One Key Mistake When Installing SQL Server

There’s one sure-fire way to set yourself and your applications up for failure when using SQL Server. I’ve seen all kinds of people do this.



It will cost you performance and create maintenance headaches down the road.



Let me explain what it is and why it causes trouble.



Hit next, next, next on the installer, accepting all the defaults, and leave it that way.



Racing through the installer accepting defaults will:


·         Put the core install and all the system and user databases on the same drive, the C drive. What else is on C? Yep, you got it. The operating system.


This creates a host of problems all by itself. Now OS patching will eat up space that your database install also will need to consume, putting you in danger of freezing the entire server when the C drive fills up.

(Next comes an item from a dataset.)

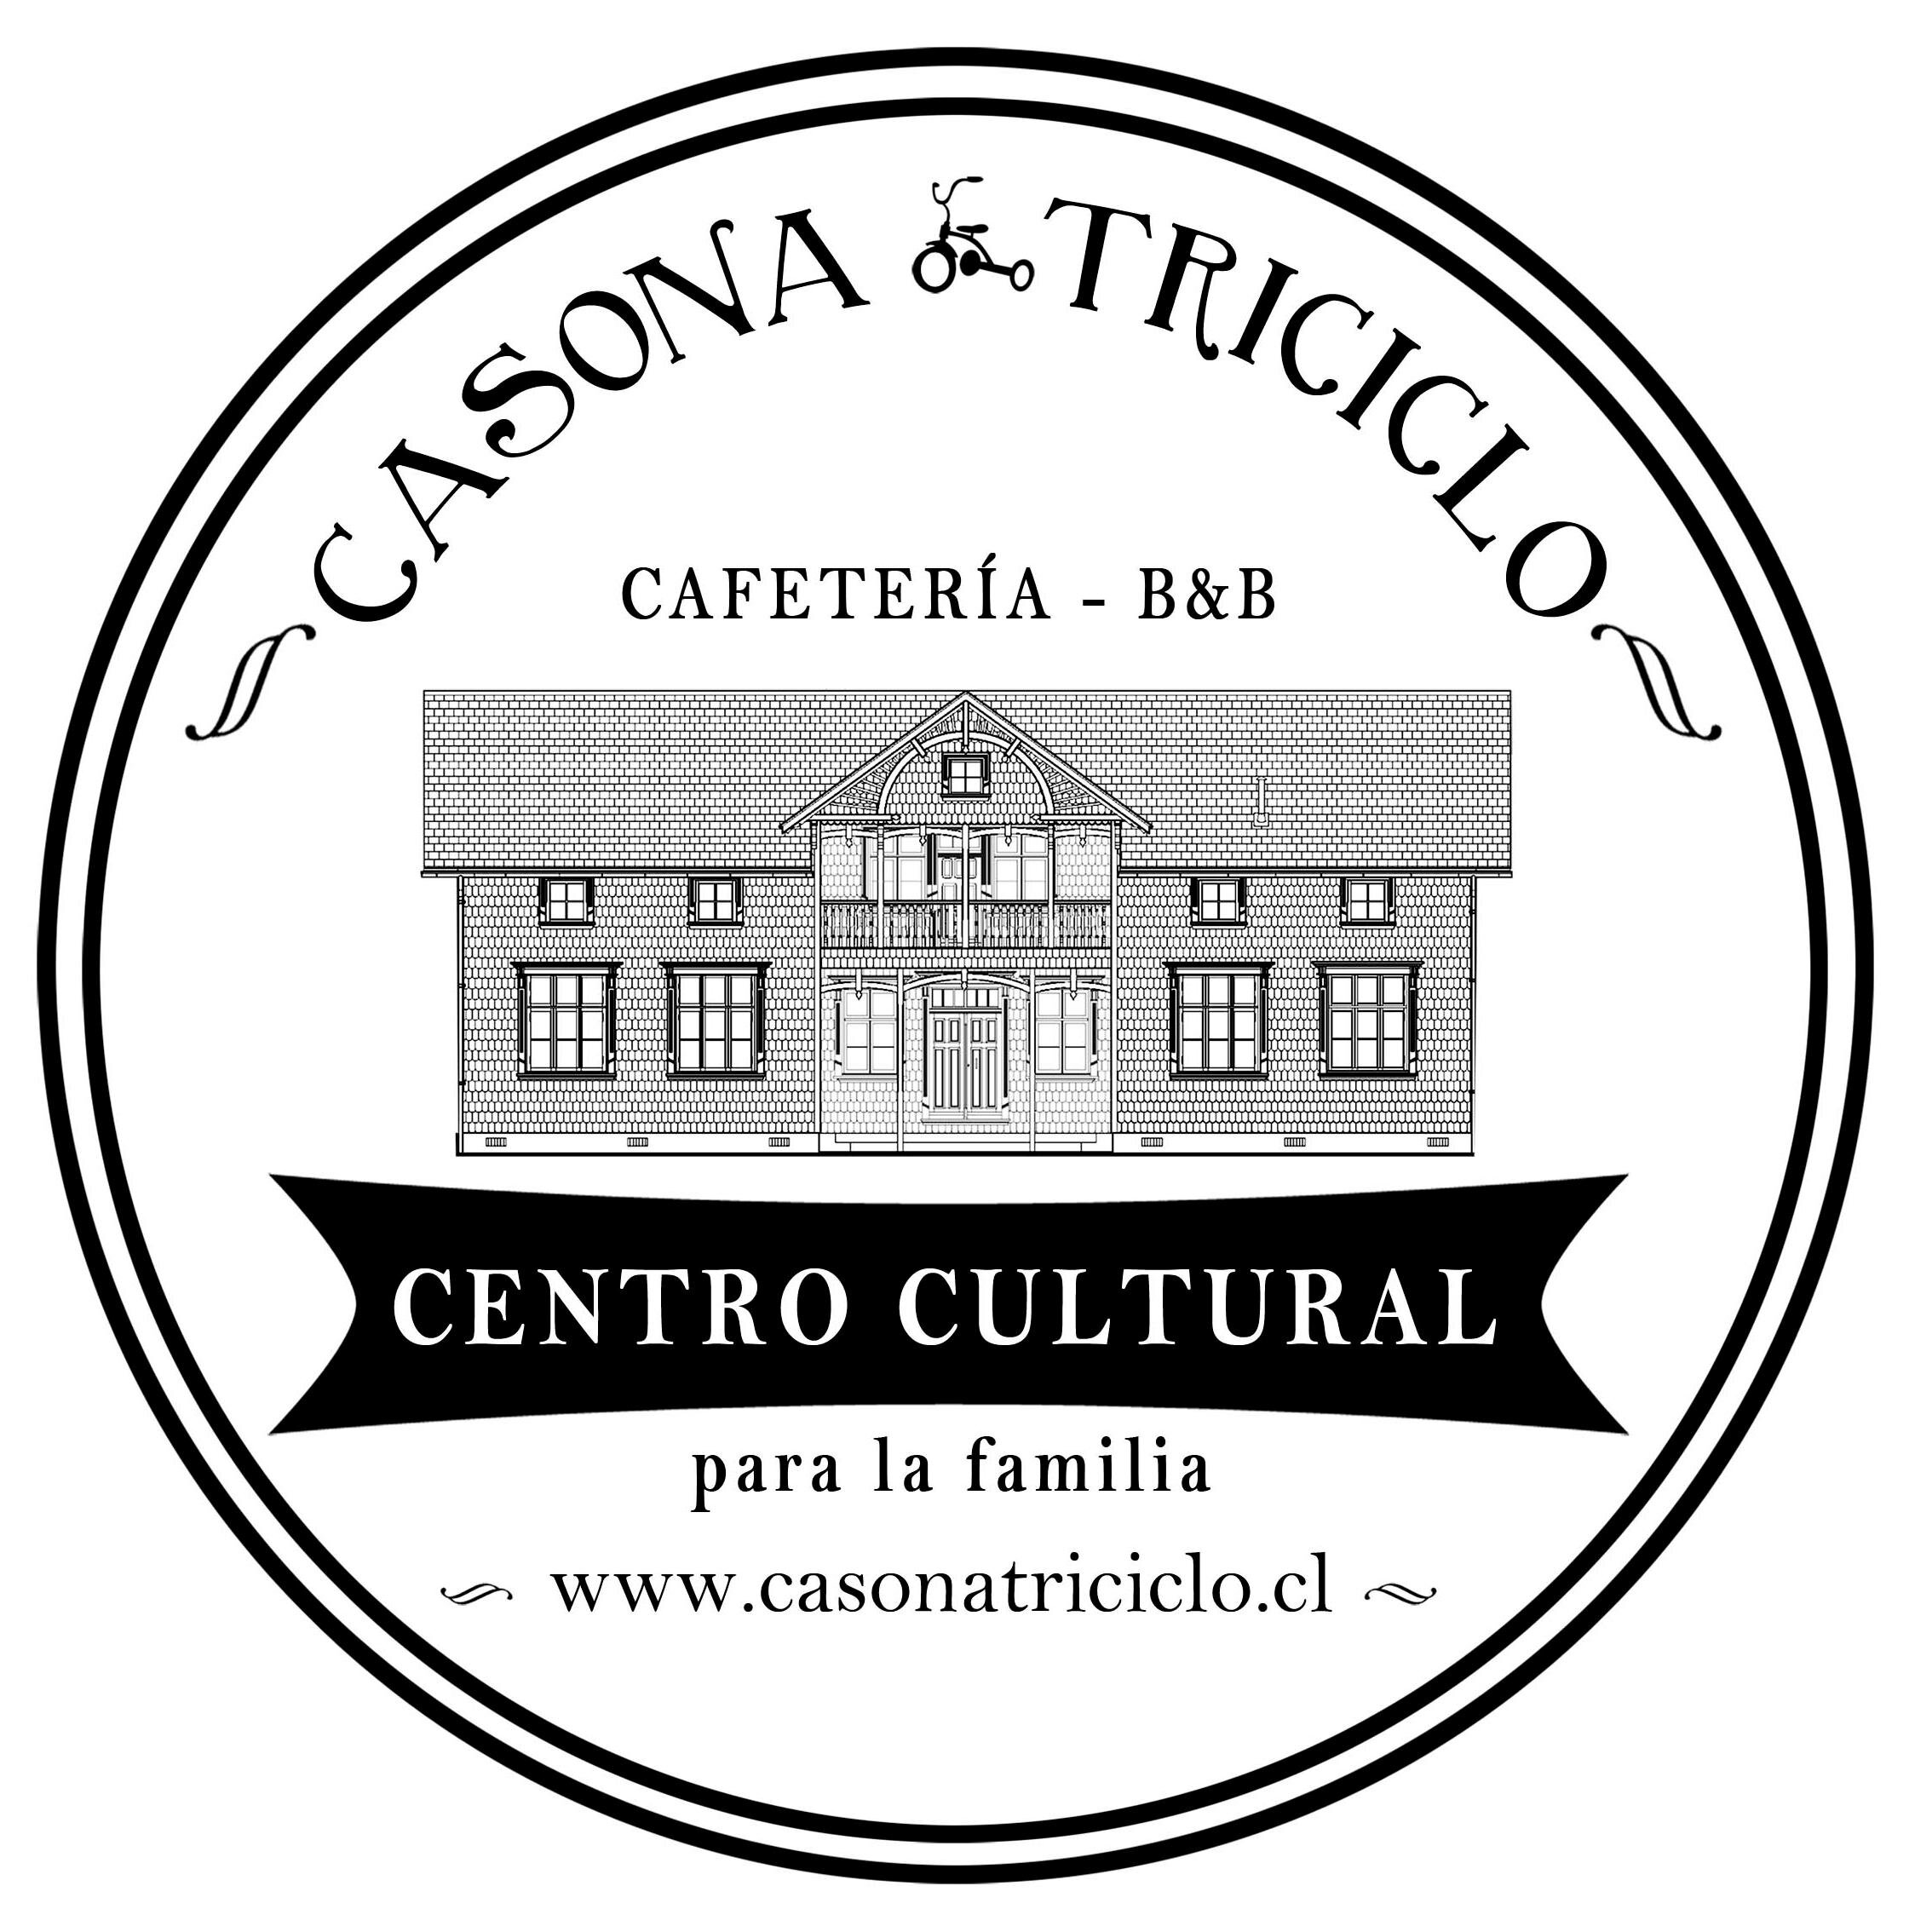 Centro Cultural para la Familia, Cafetería con sala de juegos y Bed & Breakfast

You will be introducing IO contention between the OS and SQL Server and between the various types of IO that happen in SQL Server files, and you will be putting all that contention onto one disk. Want to slow… everything…down? Put it all on one disk. This is especially relevant for a point I make later about tempdb.


·         On older versions of SQL Server when you accept the defaults you end up with a SQL Server with a HUGE default setting for Max Server Memory. This can result in the OS and SQL Server fighting it out for RAM. This too will slow…everything…down. SQL Server may page out work it would have done in RAM to the disk. You could strangle the operating system by not leaving it enough RAM.



·         On older SQL Server versions, you end up with 1 tempdb file. You want to slow…everything…down? Leave that default on a multi-core system, especially a larger one, and watch page contention kill your tempdb performance because it can’t make allocations fast enough. Combine this with a busy workload on tempdb that is installed on the same drive with the user databases and the OS and that will seriously slow down your queries.



·         The “Next, next, next and you’re done” approach on older versions will leave you with MAXDOP set inappropriately at zero because it wasn’t until recently that the installer detected the number of CPUs and made a best practice recommendation in the install process. This very well could create performance problems around parallelism. Lower cost, small queries will go parallel and use all available cores when it isn’t truly necessary. Get enough of this happening and you will see slowness because of competing resources for parallelism for queries.



·         Some folks, when they “next, next, next” through the installer, check all the components for SQL Server and install everything because they figure they’ll put everything on there because they don’t really know what’s needed. Yes, people really do that. I’ve seen it and had the conversation about it with them after the fact. Well, that eats up resources on the machine for SQL Server services that you aren’t even going to use. This contributes to resource contention which, you guessed it – slows…everything…down.